Hand osteoarthritis (HOA) is a highly prevalent condition, can affect 1 or more joints of the hand, and frequently leads to clinical symptoms and physical limitation1. Studies of the prevalence of HOA show great variation. For example, in 2011, the Framingham Osteoarthritis Study2 reported an HOA prevalence of 13% in men and 26% in women > 70 years of age, while findings from a study in China showed much lower prevalence values (3.0% of men and 5.8% of women)3. More recent estimates from the Johnston County Osteoarthritis Project (JoCo OA) set the lifetime risk of developing symptomatic HOA at 40%, further demonstrating the public health significance of this condition4.

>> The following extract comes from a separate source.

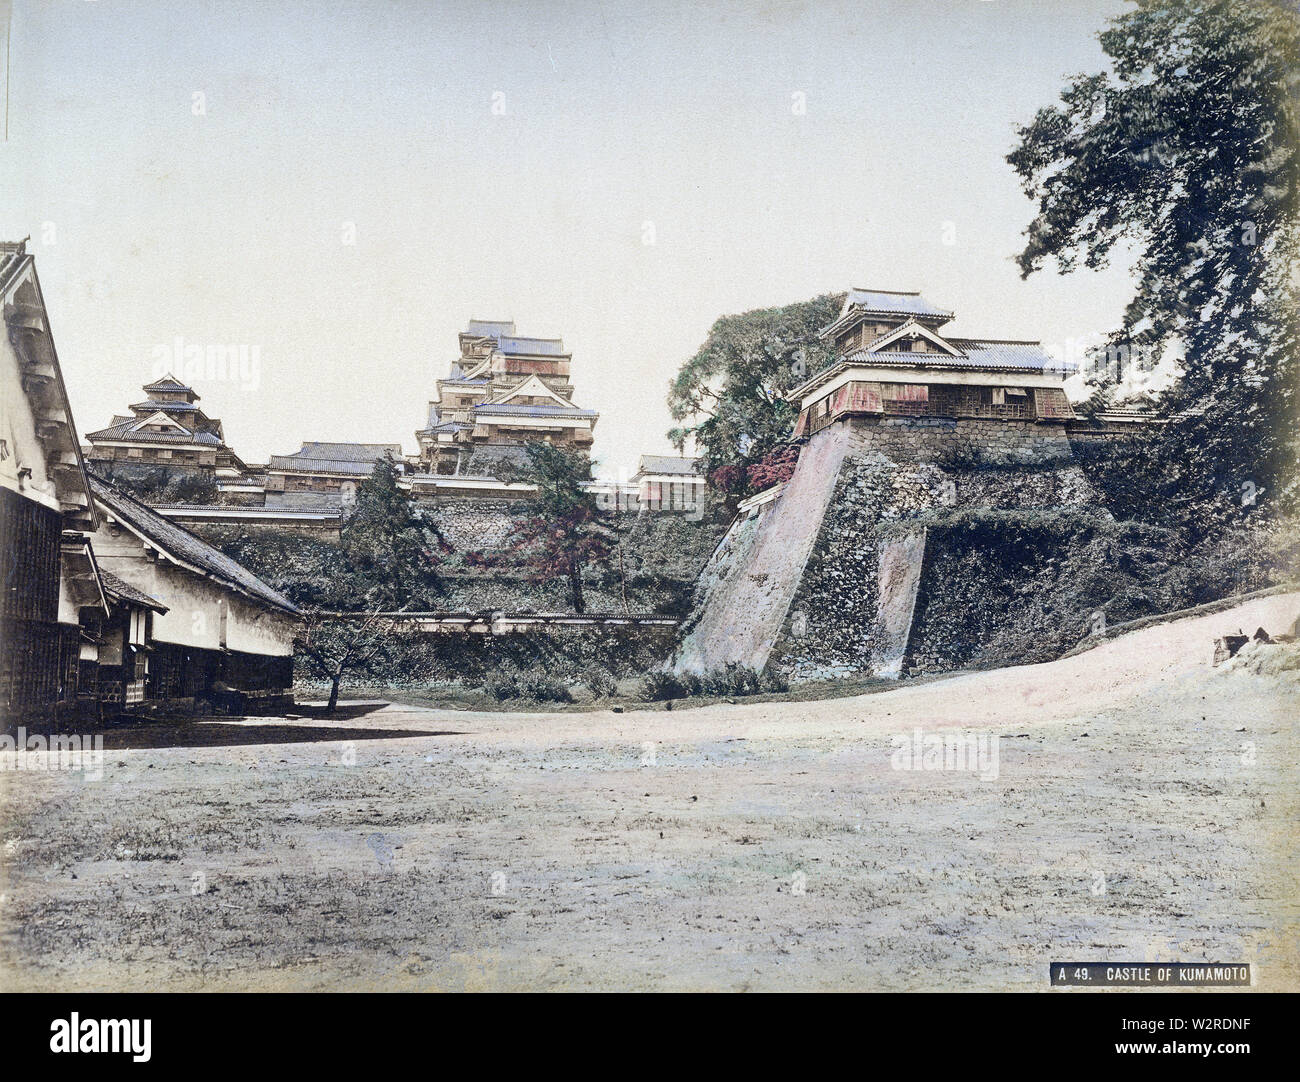 [1870s Japan - Kumamoto Castle] - Schloss Kumamoto in Kumamoto, früher als Higo Province, ca 1872 (Meiji 5). Die Ursprünge der Burg datieren zurück bis 1467. Die aktuelle tenshukaku (Bergfried) ist eine konkrete replica Baujahr 1960 (Showa 35). 19 Vintage albumen Foto. Stockfoto

Known risk factors for HOA include advancing age and female sex. Obesity has been implicated with OA pathology, especially in the knee and hip joints, where it is known to manifest, at least in part, through a body mass index (BMI)-driven mechanical stress on the joint5. Obesity is associated with HOA as well, although less consistently6. Because hand joints are not classified as weight-bearing in character, a more systemic, inflammatory mechanism for HOA has been proposed7. The relationship between metabolic syndrome (MetS), a condition including hyperglycemia, insulin resistance, obesity, and dyslipidemia, and HOA has been the subject of several studies; some have demonstrated a lack of association between MetS and incident HOA or symptomatic HOA8,9, while others demonstrate positive relationships between MetS components and HOA10–17. Additionally, clinical symptoms, physical function, and radiographic changes associated with HOA have been investigated, finding that limitation in physical function correlates with increasing hand pain18,19.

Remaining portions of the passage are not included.